--- START ---

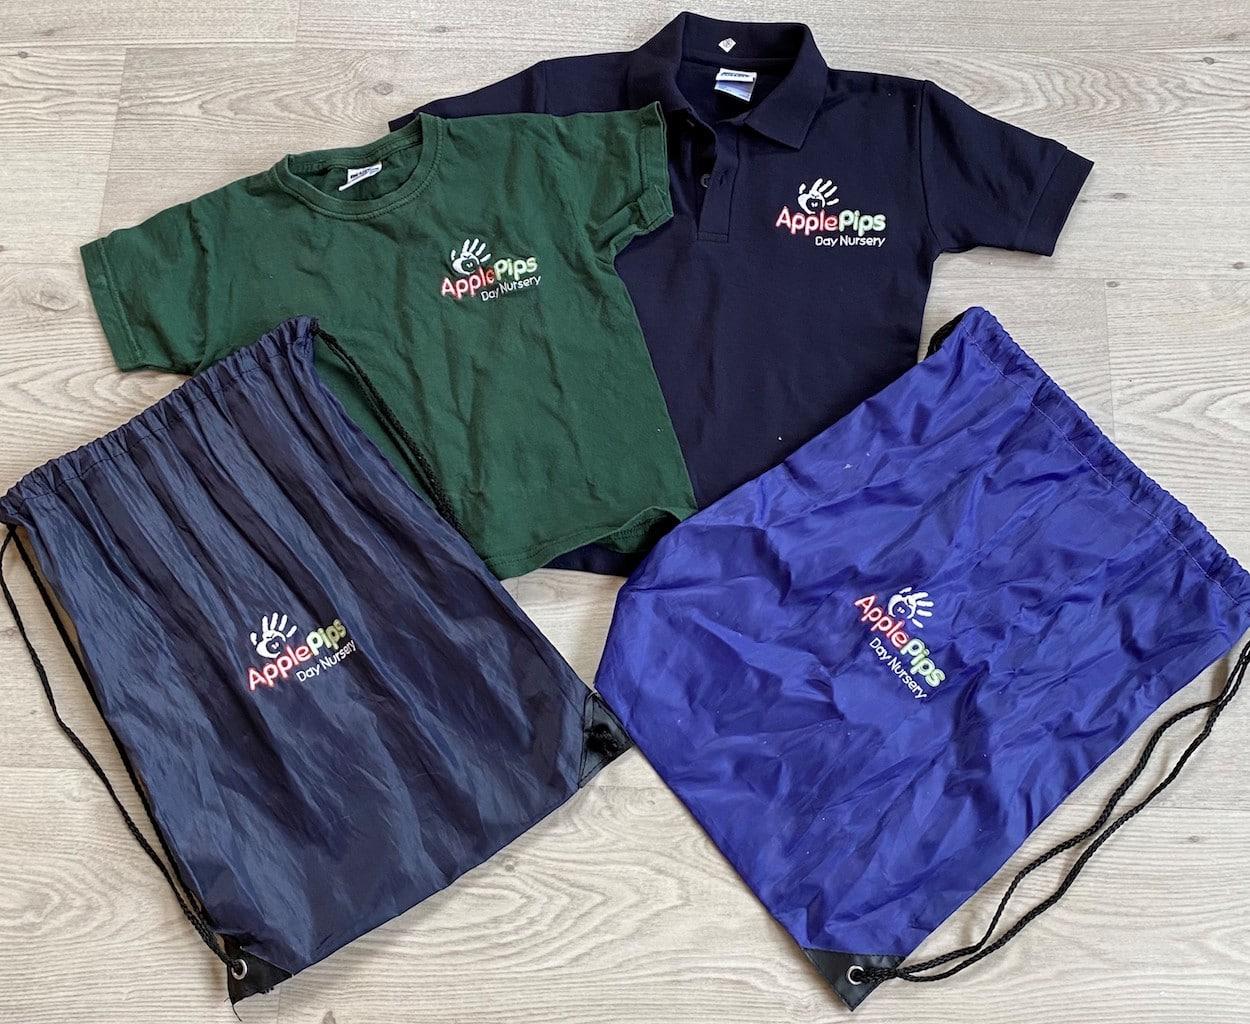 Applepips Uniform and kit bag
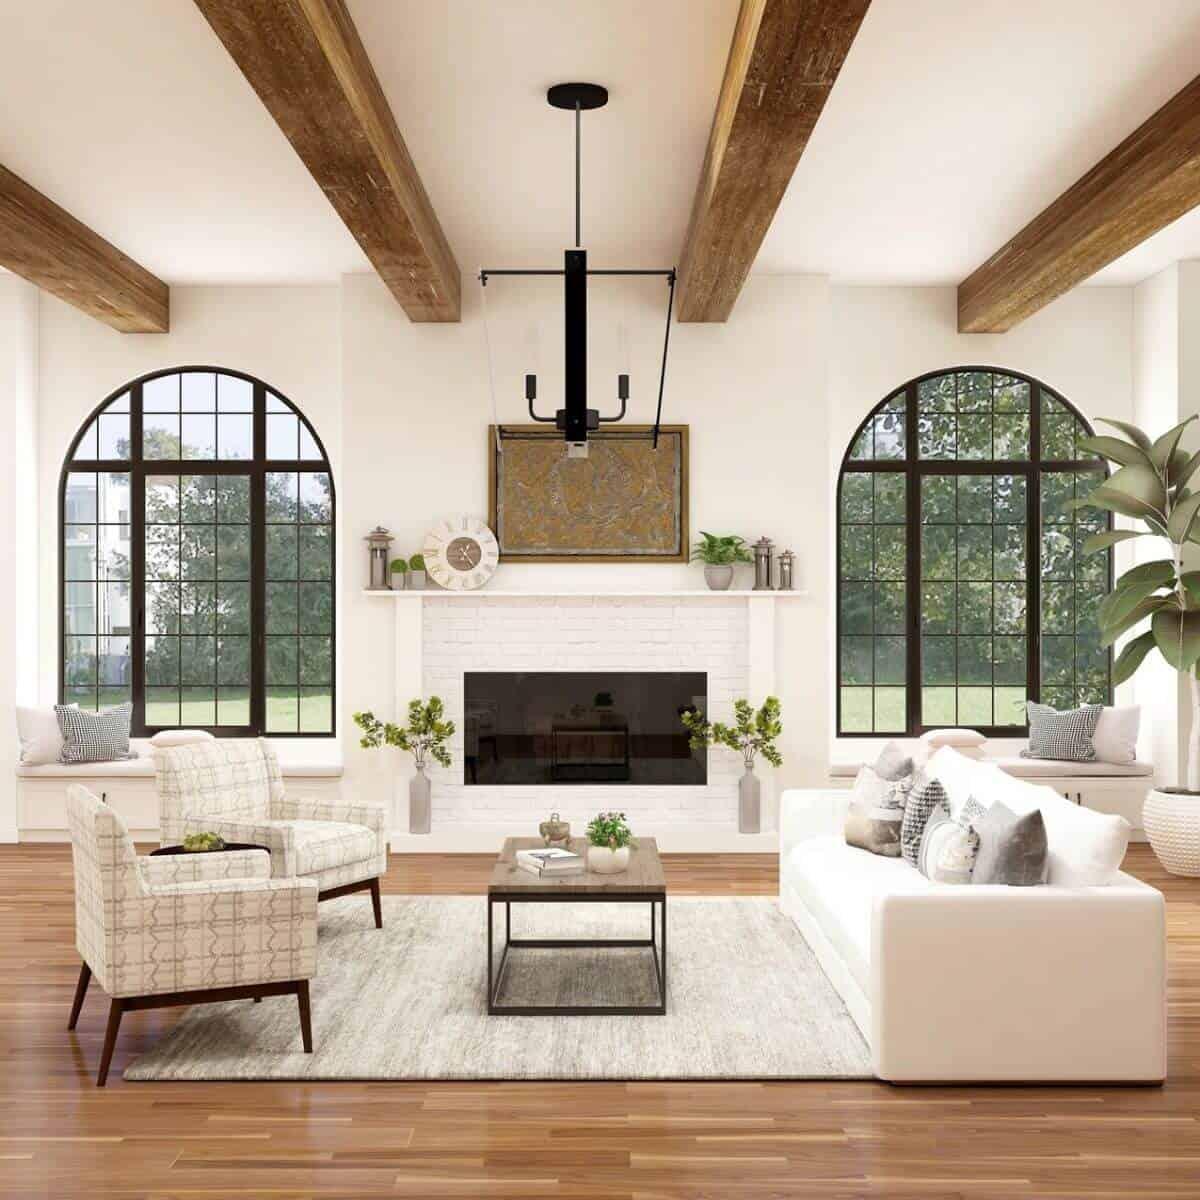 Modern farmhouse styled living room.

--- END ---
--- START ---

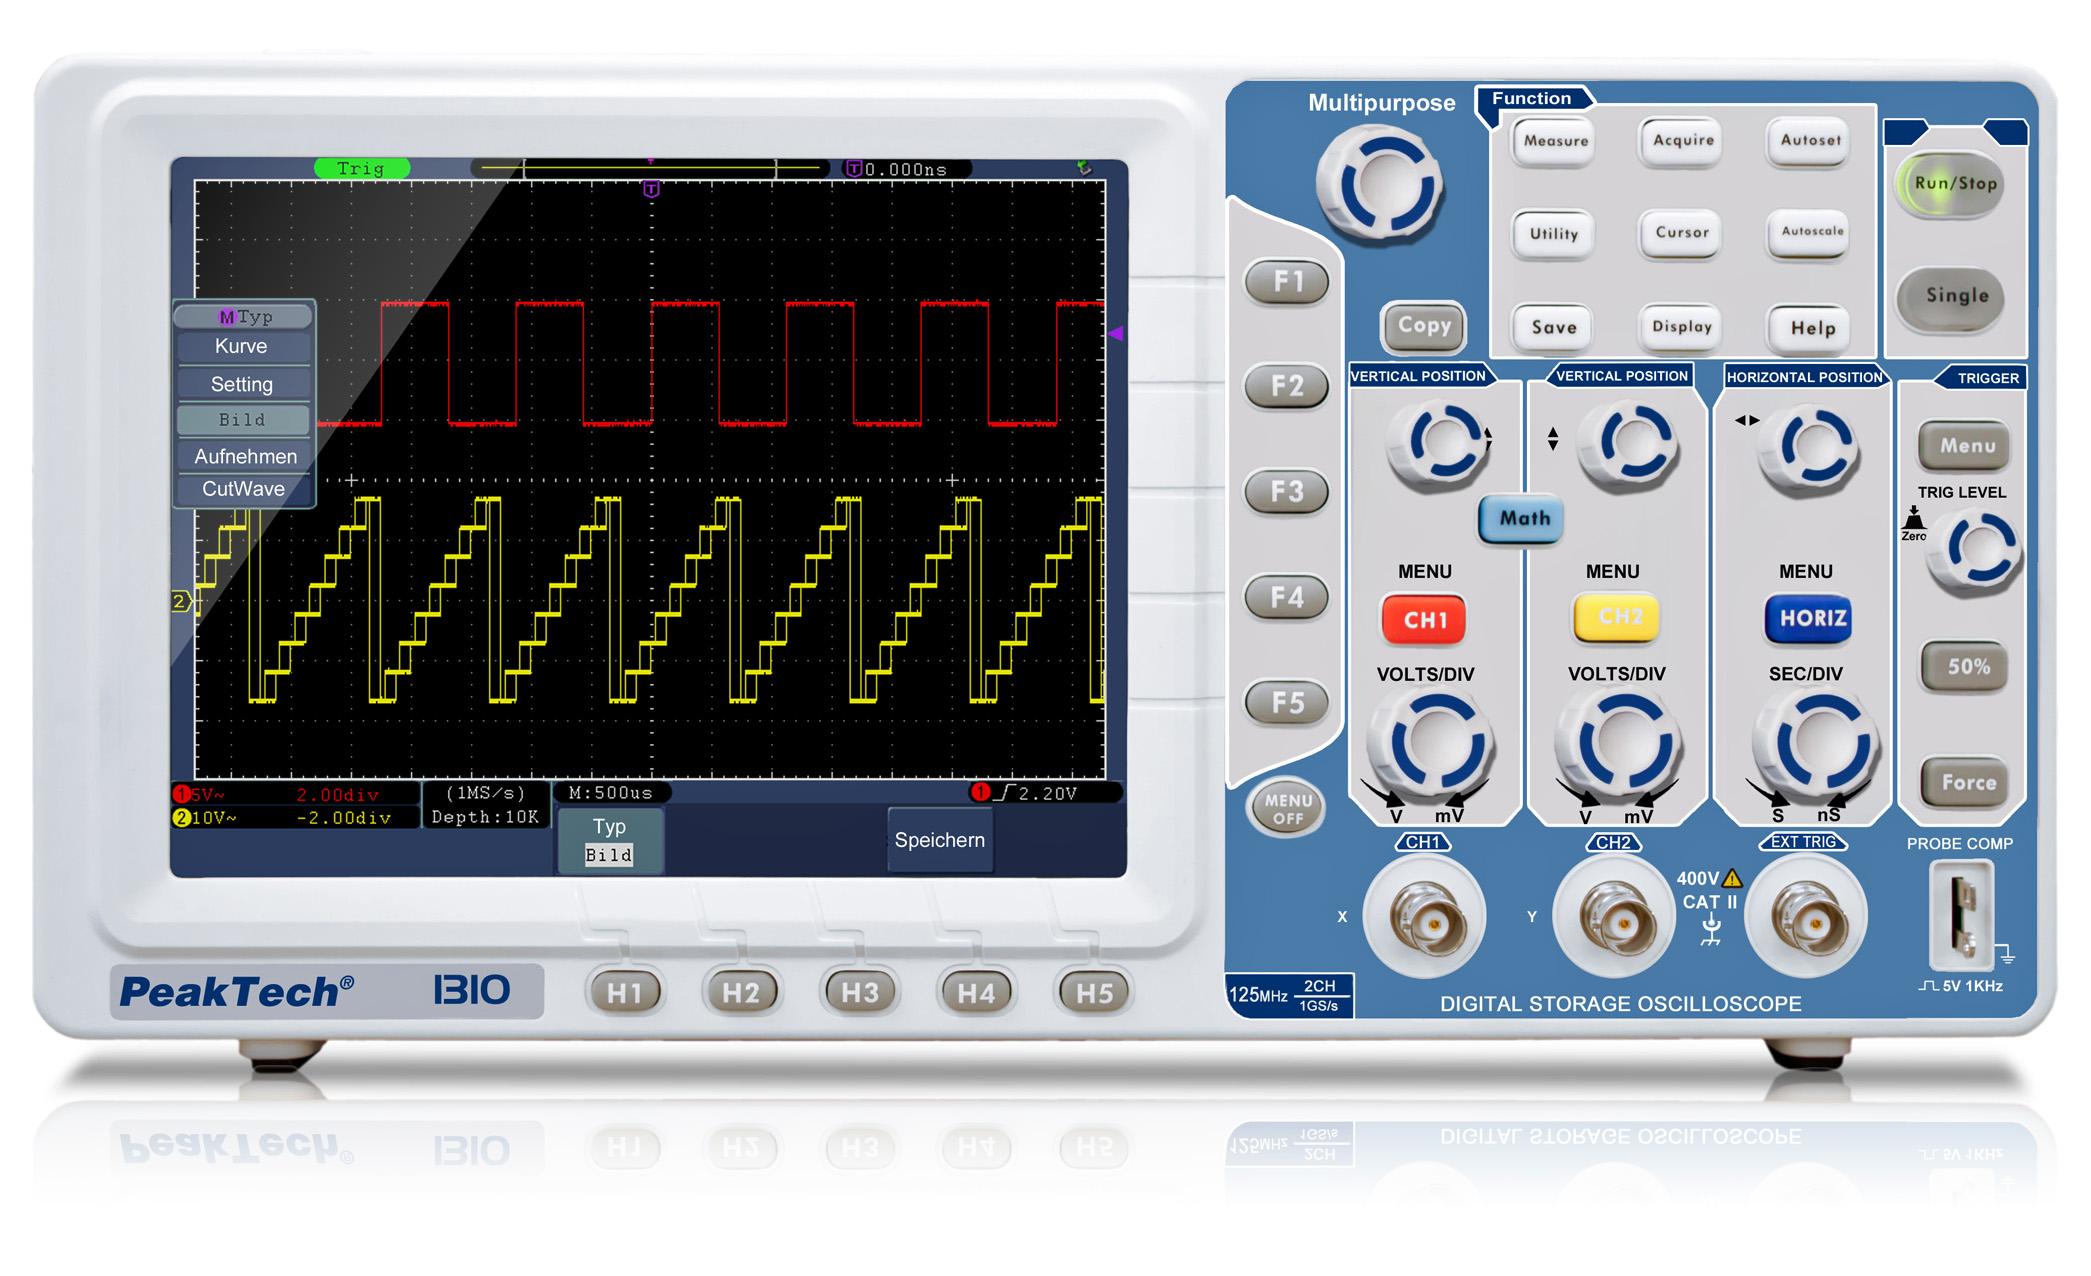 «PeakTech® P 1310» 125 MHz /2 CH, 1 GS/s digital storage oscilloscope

--- END ---
--- START ---

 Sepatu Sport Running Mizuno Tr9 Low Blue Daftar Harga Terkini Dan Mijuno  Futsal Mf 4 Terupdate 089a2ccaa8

--- END ---

» Task prompt
Skipping the pictures, print the lines in the listing above exactly as written, starting at the line with "Applepips Uniform and kit bag" and ending at the line with "Modern farmhouse styled living room.", both included.

» Answer space
 Applepips Uniform and kit bag
 Modern farmhouse styled living room.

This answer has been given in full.